Os partidos que aprovaram esta lei em janeiro já se comprometeram a alterar o diploma. Acredita que a lei poderá ser modificada no sentido de se garantir que as condições sejam totalmente claras e controláveis, como pede o Tribunal Constitucional?
Que a lei vai ser alterada, penso que não restam dúvidas. Aliás, esta foi uma bandeira de alguns deputados, que não se coibiram de apresentar e de aprovar uma legislação desta natureza quando o país vivia a catástrofe da Covid, num dos seus piores dias. O professor António Barreto dizia que era uma “obscenidade política”. Numa circunstância desta natureza, é claramente uma obscenidade política aprovar essa legislação.
Se nessa altura não houve qualquer tipo de incómodo ético, de mal-estar moral, nesse sentido, agora que as coisas parecem estar mais controladas certamente vai acontecer o quanto antes.
Se realmente os deputados vão conseguir responder às que são as exigências do Tribunal Constitucional… Dado que o trabalho de casa está feito, praticamente se diz “façam assim, que resolvem o problema”, acho que terão todas as condições para ter uma lei o mais rápido possível.
Do seu ponto de vista, estamos aqui perante uma formalidade? Não espera que haja debate suplementar, ou um pedido de pronunciamento ao Conselho Nacional de Ética para as Ciências da Vida face à nova proposta de lei?
Não, acho que não. Existe claramente aqui um sinal sobre os pareceres, a auscultação de quem estará envolvido – os terceiros elementos que farão um serviço que o Estado considera legal. Tenho muitas dúvidas de que o debate venha a ser aberto, no sentido de auscultação.

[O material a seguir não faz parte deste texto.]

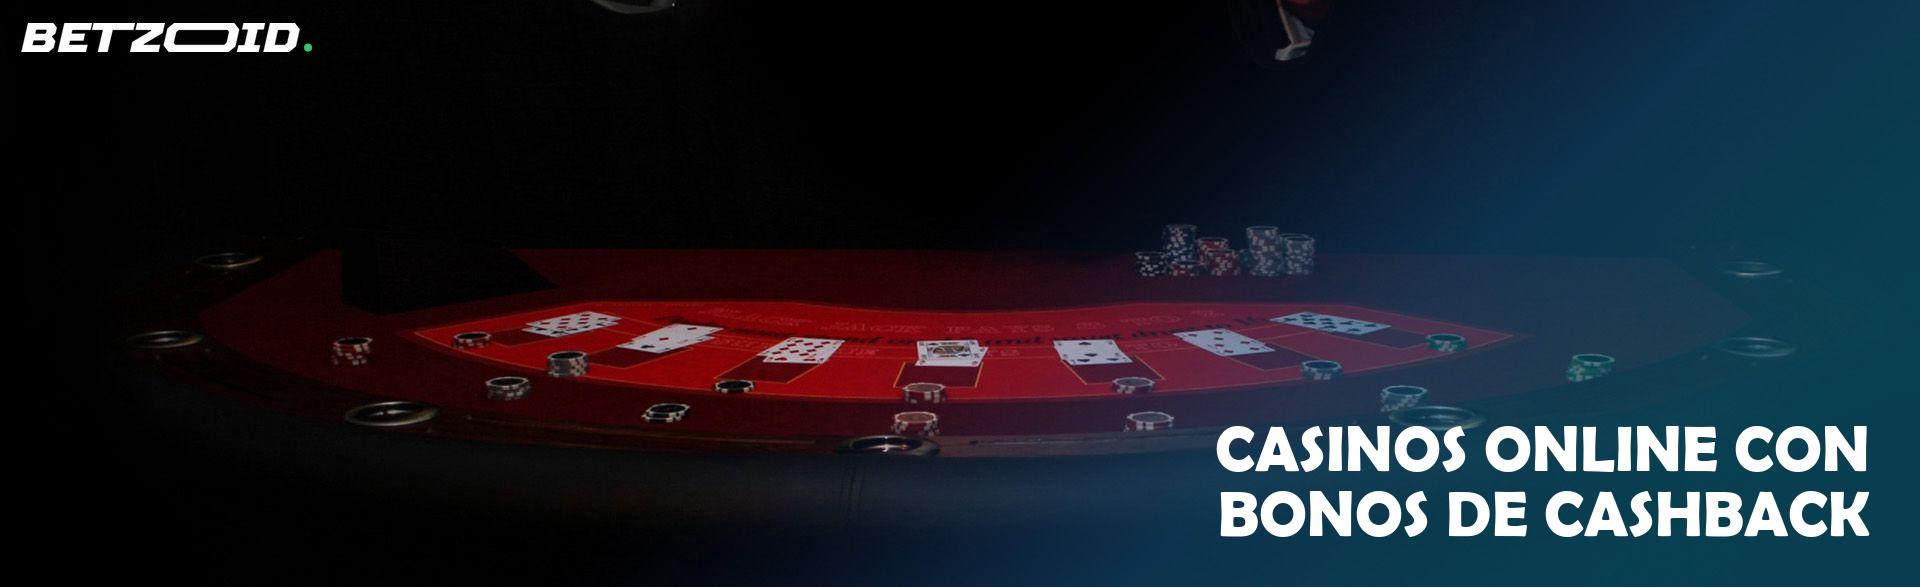 Seguros con Cashback para jugadores de casinos

Esperava mais dos políticos na abordagem destas matérias?
Esperava. Posso dizer que fiquei absolutamente chocada pelo facto de a lei ter sido aprovada na altura em que foi aprovada, com os timings. A pessoa olha para a lei e percebe claramente que, no estado em que temos o nosso Serviço Nacional de Saúde não é possível colocar dois médicos – um médico orientador e um médico especialista – mais uma comissão que integra médicos, a tratar de um processo que, teoricamente, tem de ser respondido num prazo muitíssimo curto. A comissão, por exemplo, tem cinco dias para dar o seu parecer.
Sabemos que já em tempos Covid e no pós-Covid vamos viver situações de escassez de recursos para a saúde, de uma forma absolutamente ímpar. O que vai acontecer com estes doentes que, durante muito tempo, não tiveram acesso a cuidados de saúde adequados, será realmente assustador, como sabemos. Ora, estarmos nesta altura a utilizar recursos no sentido de permitir que pessoas que vão sofrer imenso, que vão ter dificuldades, peçam para ser mortas, parece-me de uma falta de gosto absolutamente incrível e inaceitável.
A última questão tem a ver com o facto de se morrer mal em Portugal. Não querendo confundir conceitos, a lei da eutanásia fala da oferta de cuidados paliativos, mas ela está muito longe de corresponder às necessidades do país?
Sim, até poderá haver escolha para certas pessoas, mas para a maioria não vai existir, porque a escassez de recursos também nessa área é muito significativa. As pessoas morrem mal em Portugal, realmente, e isso acontece por falta de apoio relativamente às condições de que padecem, mas essa situação ainda se vai agravar mais.
Se nós já tínhamos um problema de escassez para cuidar daquelas pessoas que se encontravam numa reta final de vida, isso vai tornar-se tão grave que colocará um número muito mais significativo de pessoas em circunstâncias de fim de vida. Basta ver as cirurgias que não foram realizadas, as consultas que não foram feitas. Existe, inclusive, um documento da Ordem dos Médicos que retrata a desgraça dos doentes não-Covid e os números são absolutamente avassaladores. Nós sabemos que o que vem aí, a seguir, é um tsunami de dificuldades imensas para quem cuida e para quem é cuidado.